■ What you are asked to do
Every line of the material is to be transcribed verbatim, with images omitted.

■ Stored data
-*-

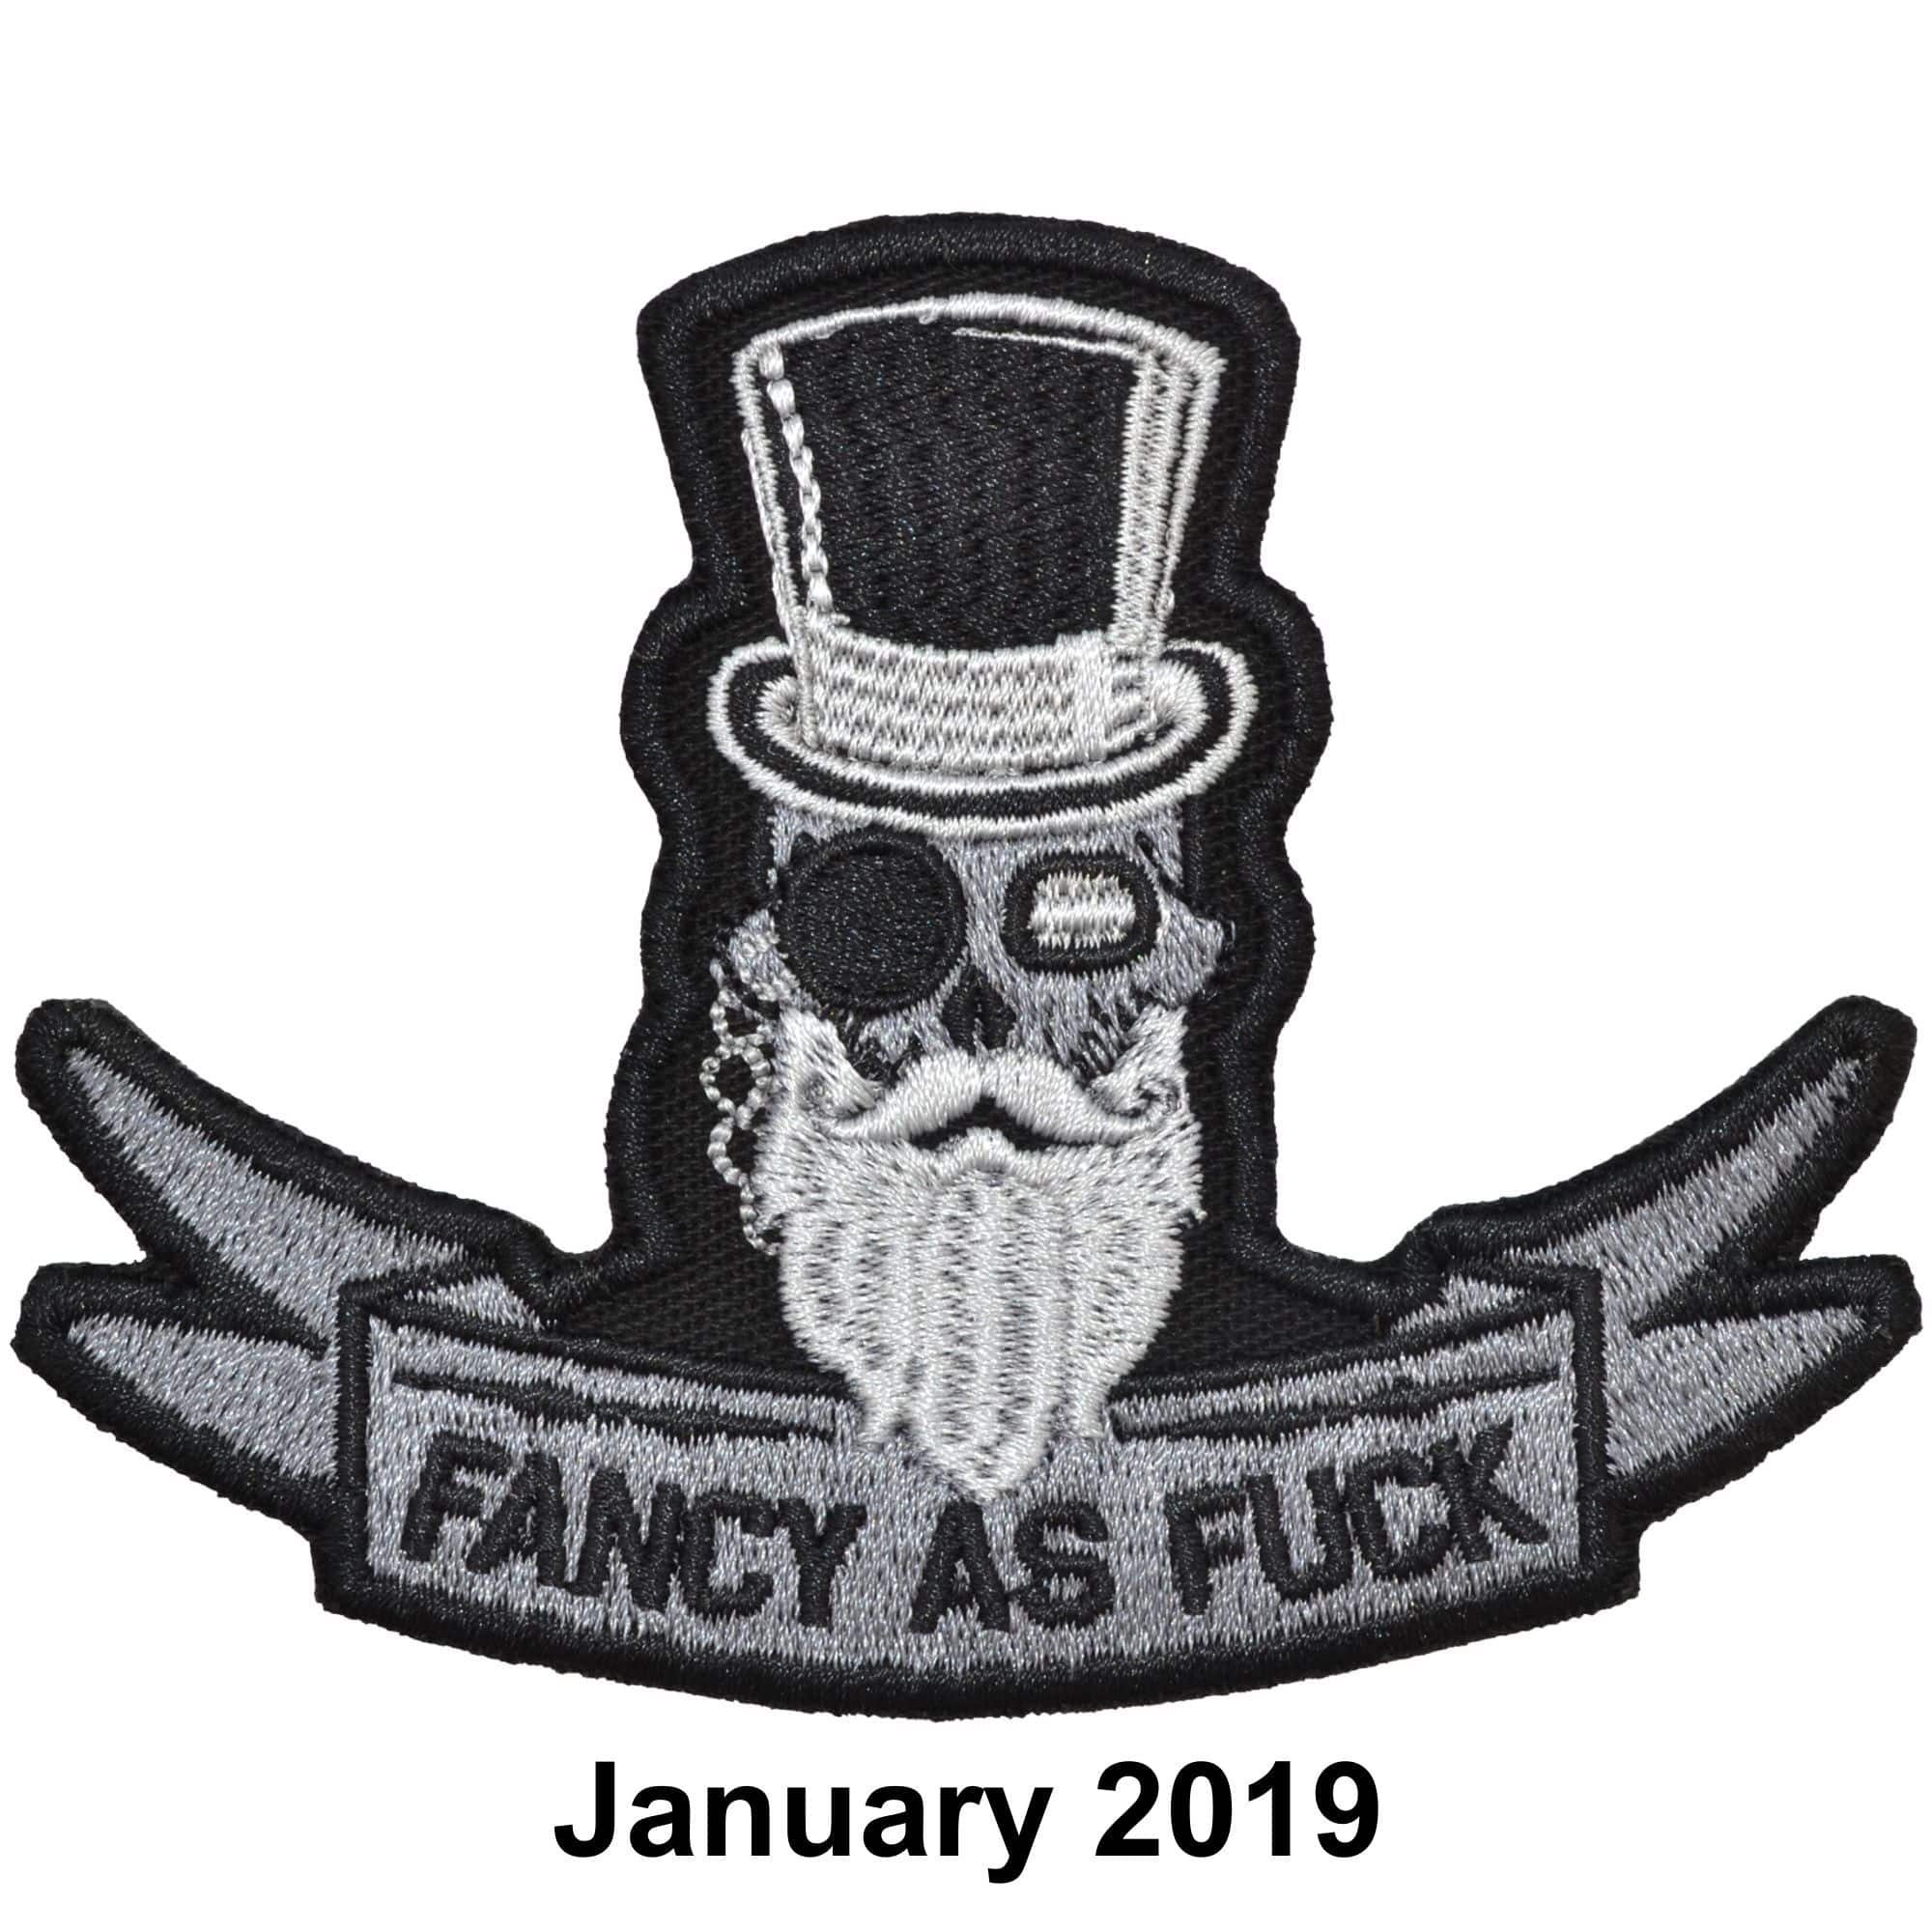 January 2019 Patch of the Month - Fancy AF Skull
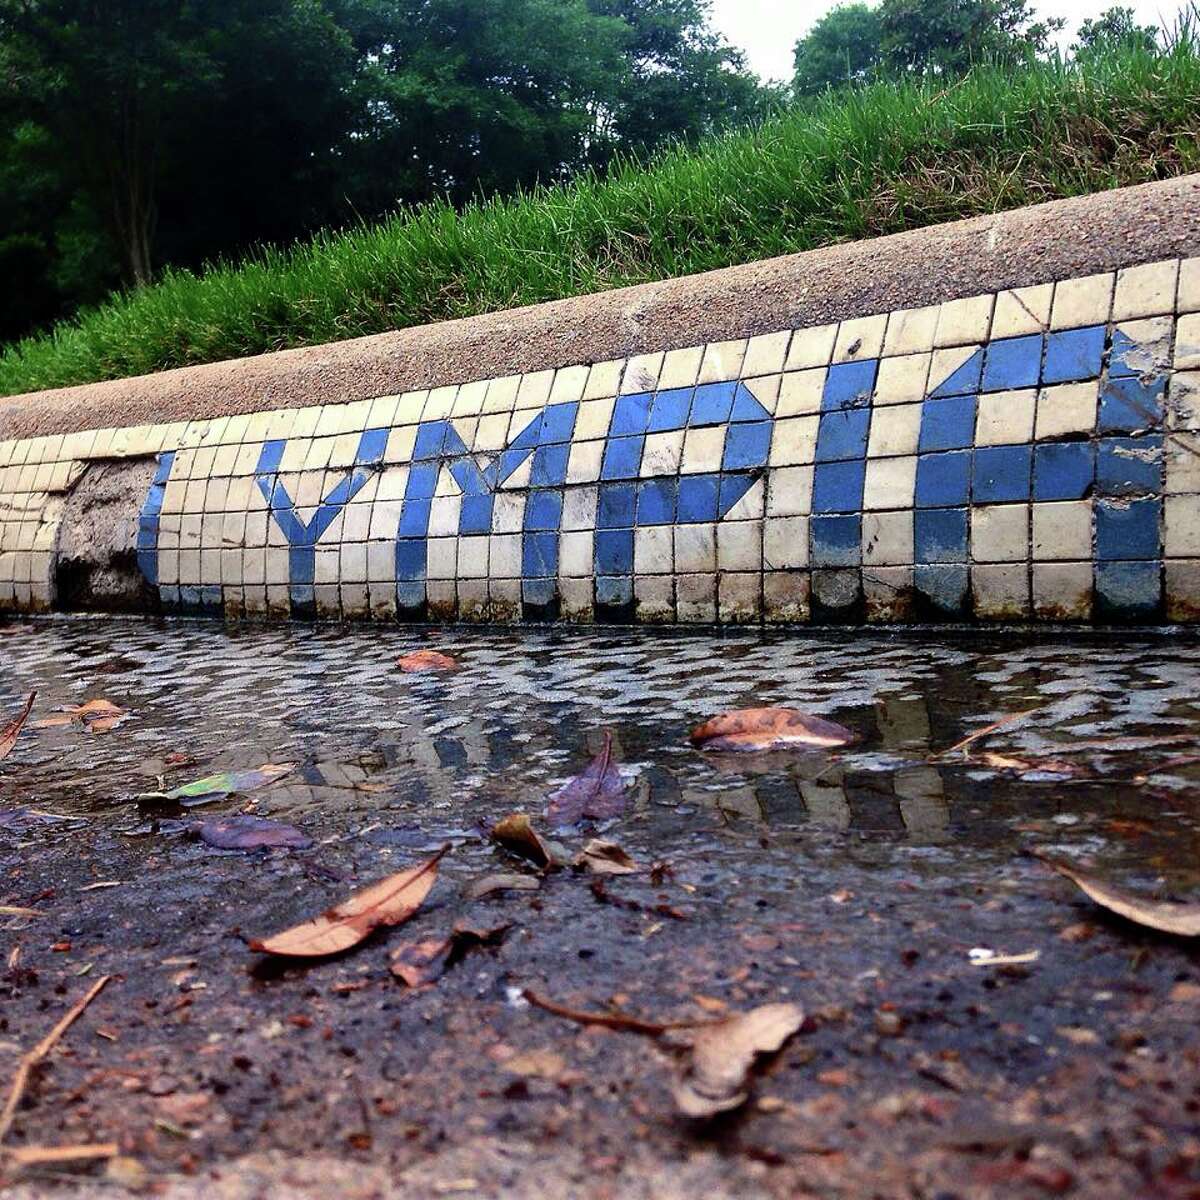 Houston resident Joey Sanchez is on a mission to locate and document every one of Houston’s surviving vintage blue curb tiles. Some were installed nearly a century ago and most have been lost to urban development. Sanchez takes photo submissions via his official website and an Instagram hash tag, #BlueTileProject.
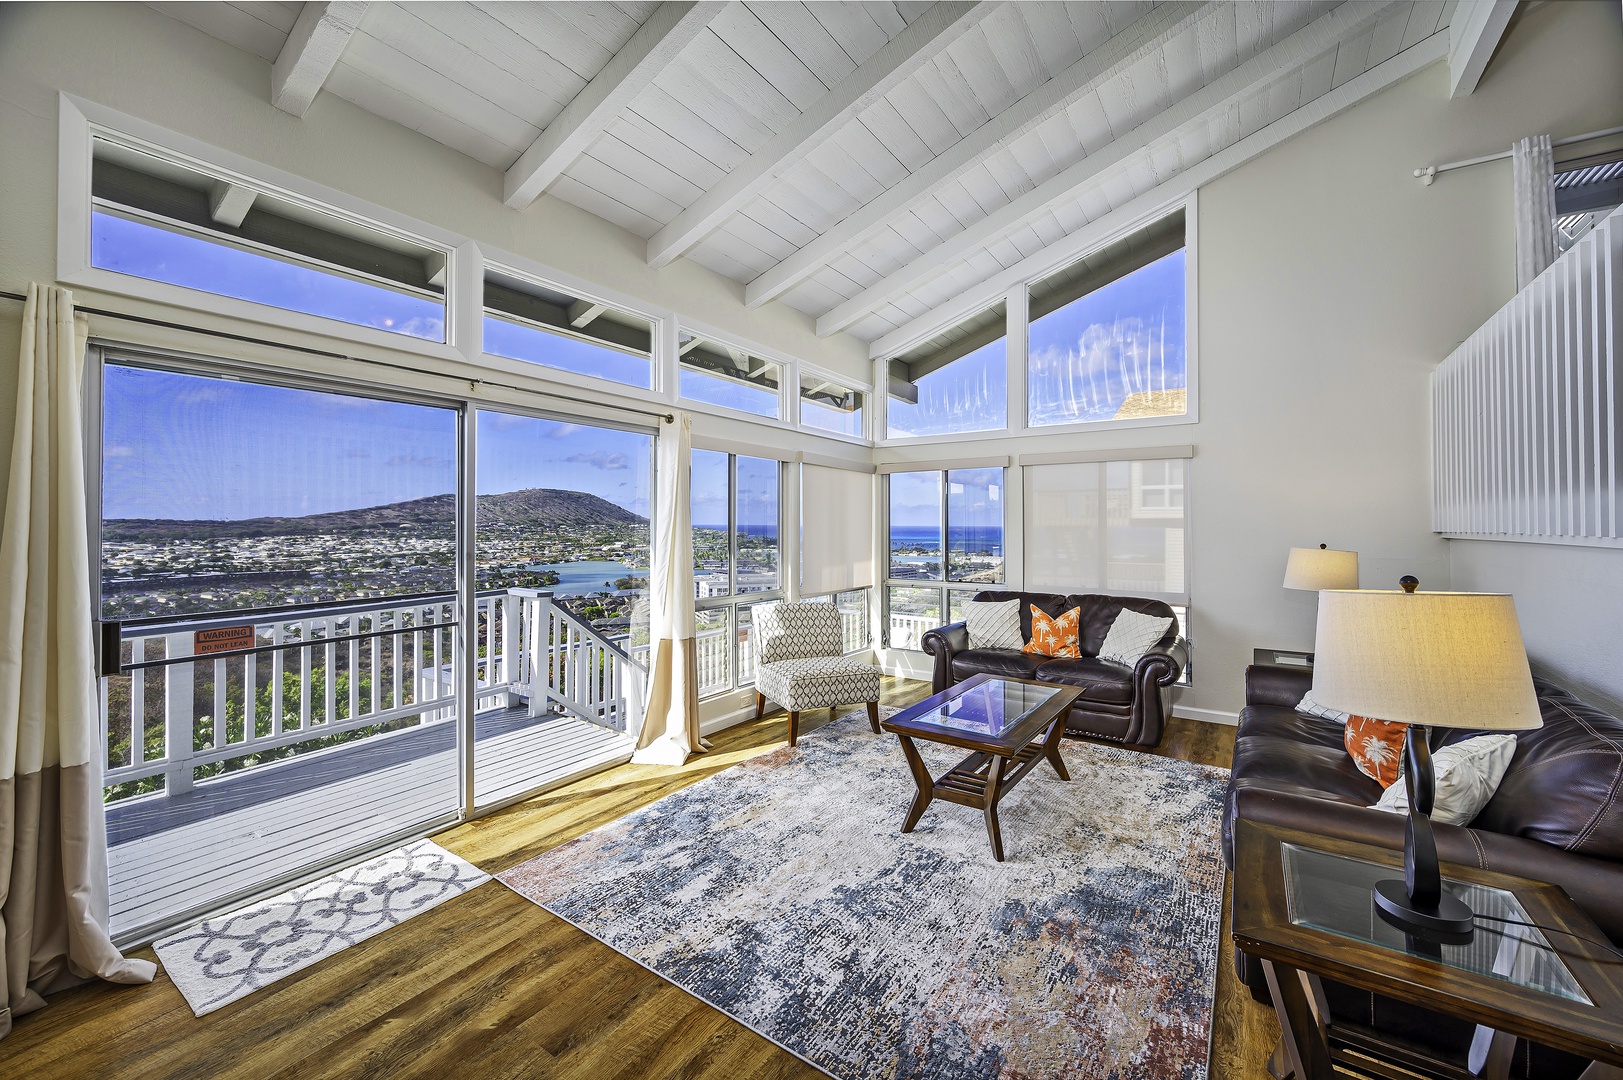 Honolulu Vacation Rentals, Hale Malia - The living area is drenched in natural light and has stellar views thanks to the large windows and sliding glass doors
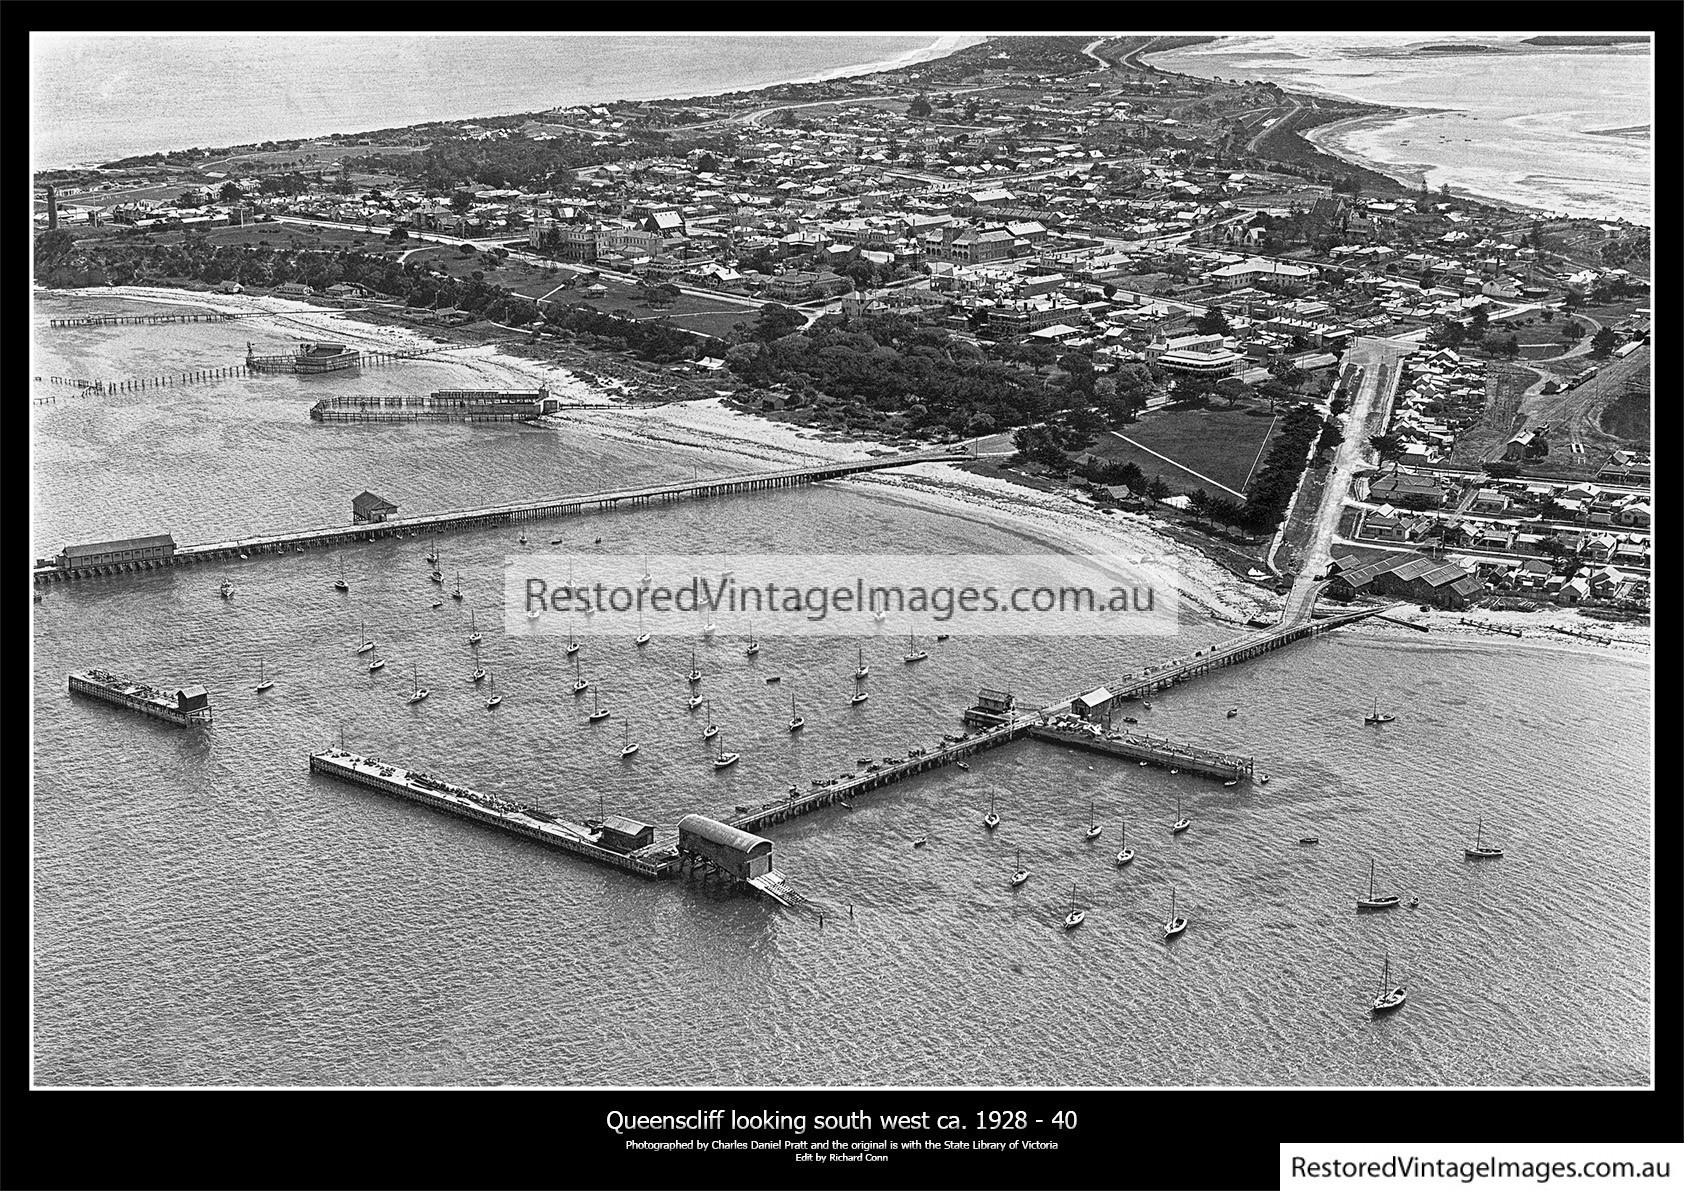 Aerial Of The Queenscliff Piers And Town 1928-40

-*-

■ Written reply
 January 2019 Patch of the Month - Fancy AF Skull
 Houston resident Joey Sanchez is on a mission to locate and document every one of Houston’s surviving vintage blue curb tiles. Some were installed nearly a century ago and most have been lost to urban development. Sanchez takes photo submissions via his official website and an Instagram hash tag, #BlueTileProject.
 Honolulu Vacation Rentals, Hale Malia - The living area is drenched in natural light and has stellar views thanks to the large windows and sliding glass doors
 Aerial Of The Queenscliff Piers And Town 1928-40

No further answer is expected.